Subgroups of compact Lie groups generated by a subset of nodes of the Dynkin diagram Where can I find a reference for the following fact, or as close as possible to it?

Let $G$ be a semisimple compact real Lie group with rank $r$, let $T$ be a maximal torus in $G$, let $\mathfrak{g}$ and $\mathfrak{t}$ be their Lie algebras, let $\Phi$ be the root system of $\mathfrak{g}$ relative to $\mathfrak{t}$, and let $\alpha_1,\ldots,\alpha_r \in \Phi$ be a basis of simple roots.  Then for any subset $I \subseteq \{1,\ldots,r\}$, the subgroup $G_I$ of $G$ associated to the Lie subalgebra of $\mathfrak{g}$ whose complexification is generated by $\mathfrak{t}$ and by the coroots $\alpha_i^\vee$ for $i\in I$, is (isogenous to?) the product of a torus of rank $r - \#I$ and a semisimple group (of rank $\#I$) described by the Dynkin diagram consisting of those nodes of the Dynkin diagram of $\Phi$ labeled by an element of $I$.

Also, how can I state this, or describe the subgroup $G_I$, in a less clumsy fashion?  (Hopefully avoiding such phrases as “the maximal compact subgroup of the Levi factor of the parabolic subgroup defined by $I$ in the complexification”.)
I am looking for a description and discussion of the situation that stays as much as possible within the context of compact real Lie groups.  (Essentially, how do I convince someone with little background in Lie or algebraic groups, that a subset $I$ of nodes of the Dynkin diagram of $G$ defines a subgroup of $G$ “as expected”?)
Edit: Let me emphasize that I'm looking for a reference, not a proof.  The closest I found so far is §7–8 in chapter V of Knapp's Lie Groups Beyond an Introduction or proposition 12.6 in Malle & Testerman's Linear Algebraic Groups and Finite Groups of Lie Type, but they remain annoyingly far from the above statement.
 A: A root defines in your Lie algebra a non zero element in you algebra up to multiplication by a scalar.
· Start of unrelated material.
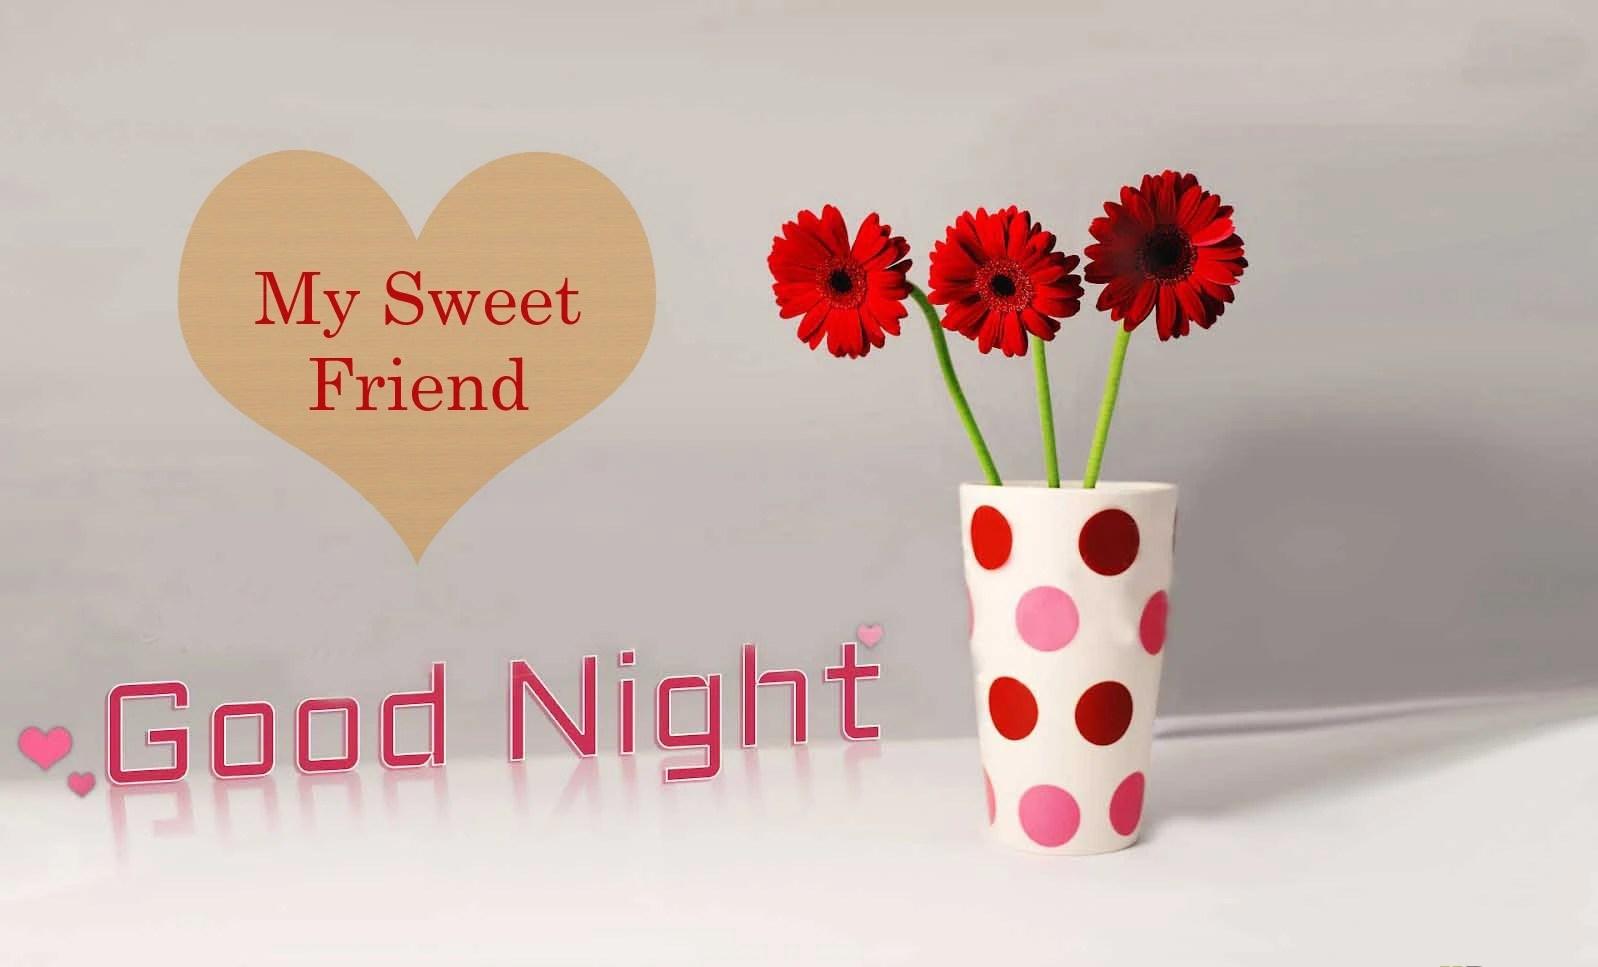 Good night flowers heart image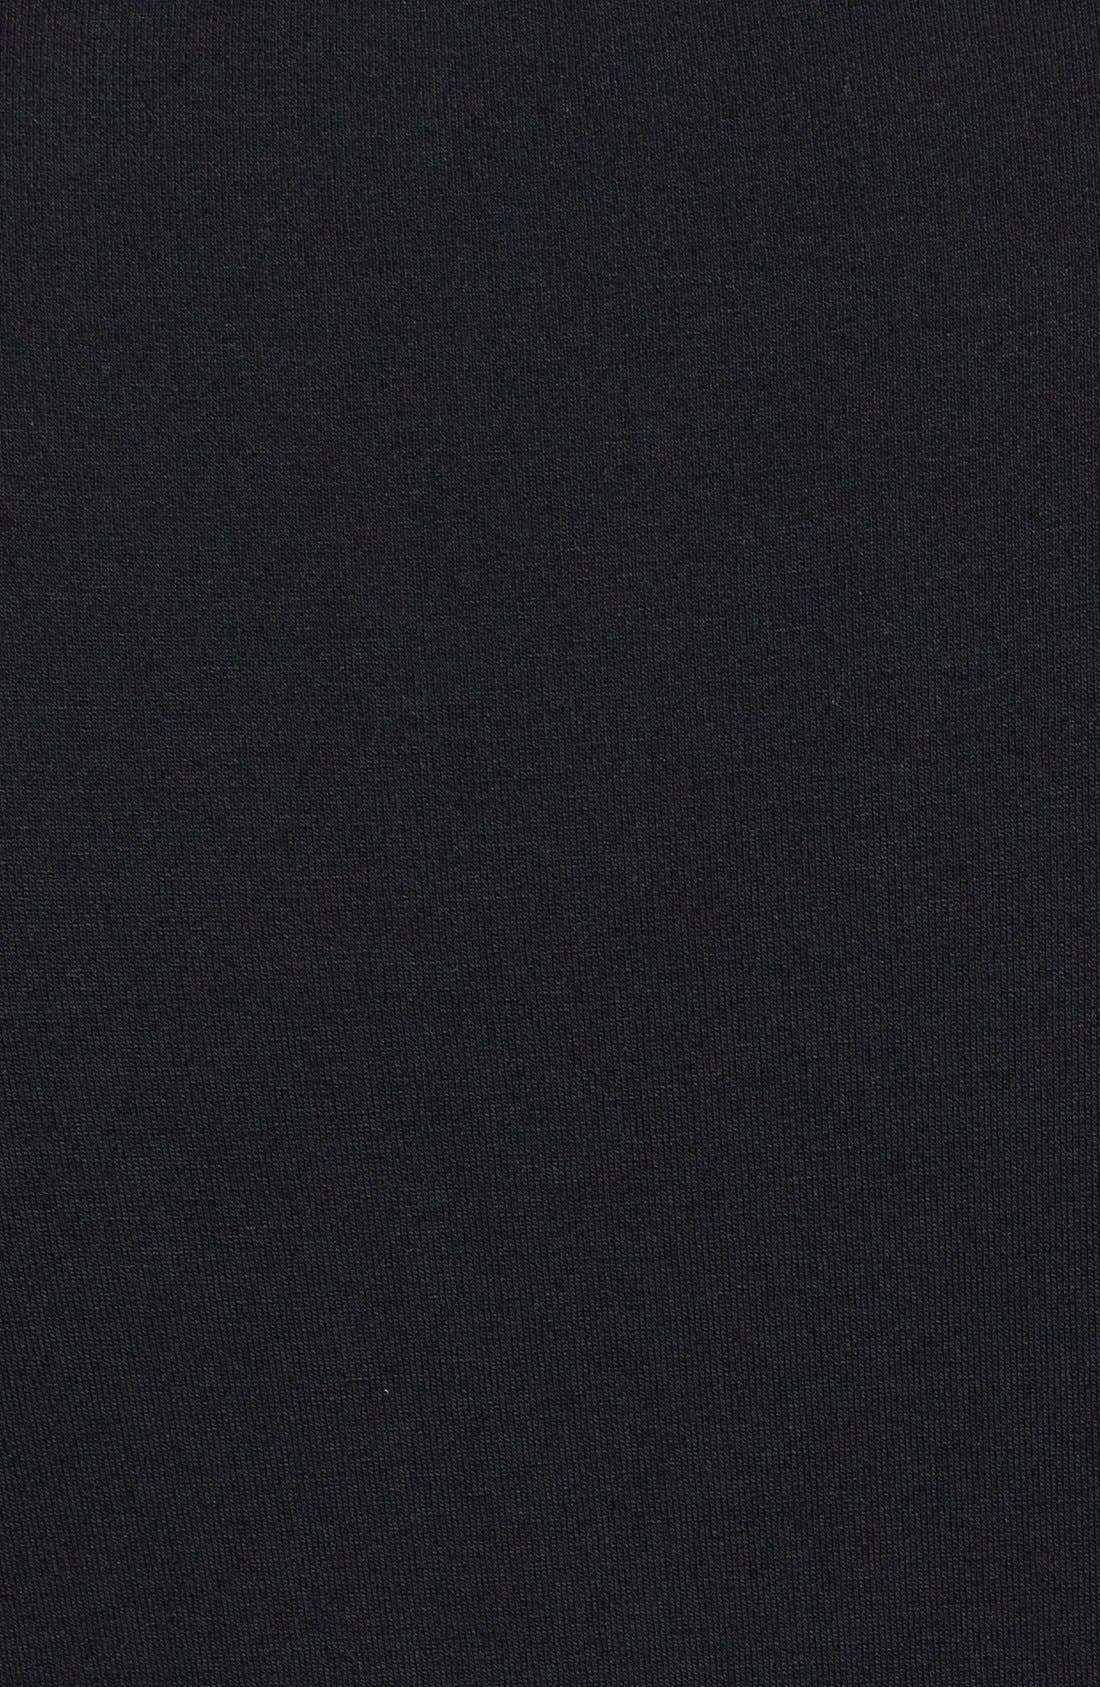 Alternate Image 3  - Vince Camuto Mesh Inset Maxi Dress (Plus Size)

A collections of roots defines a subvector space in you Lie algebra.
A set of simple roots defines a set of root obtained by linear combinaisons of them with coefficients in $\mathbb Z$. You then obtain a linear subspace of your Lie-algebra. It is not a sub Lie algebra as its intersection with the Cartan algebra $\mathfrak t$ is zero.
You have a minimal and a maximal choice here. You can add the whole $\mathfrak t$ to obtain $\mathfrak g_1$ or just the linear span of the coroots associated to your chosen roots. The second option amount to take the Lie closure $\mathfrak g_2$ of your subspace.
The subalgebra $\mathfrak g_1$ is the direct sum of $\mathfrak g_2$ and some abelian algebra $\mathfrak h_0$ of dimension $r - |I|$.
The orthogonal $\mathfrak h_1$ of $\mathfrak h_0$ in $\mathfrak h$ is a Cartan subalgebra of $\mathfrak g_1$ and your choosen subset of roots is the set of roots for $(\mathfrak g_1, \mathfrak h_1)$.
Exponentiate the real part of this algebra in your group $G$ to obtain a group with Lie algebra $\mathfrak g_1$ or $\mathfrak g_2$.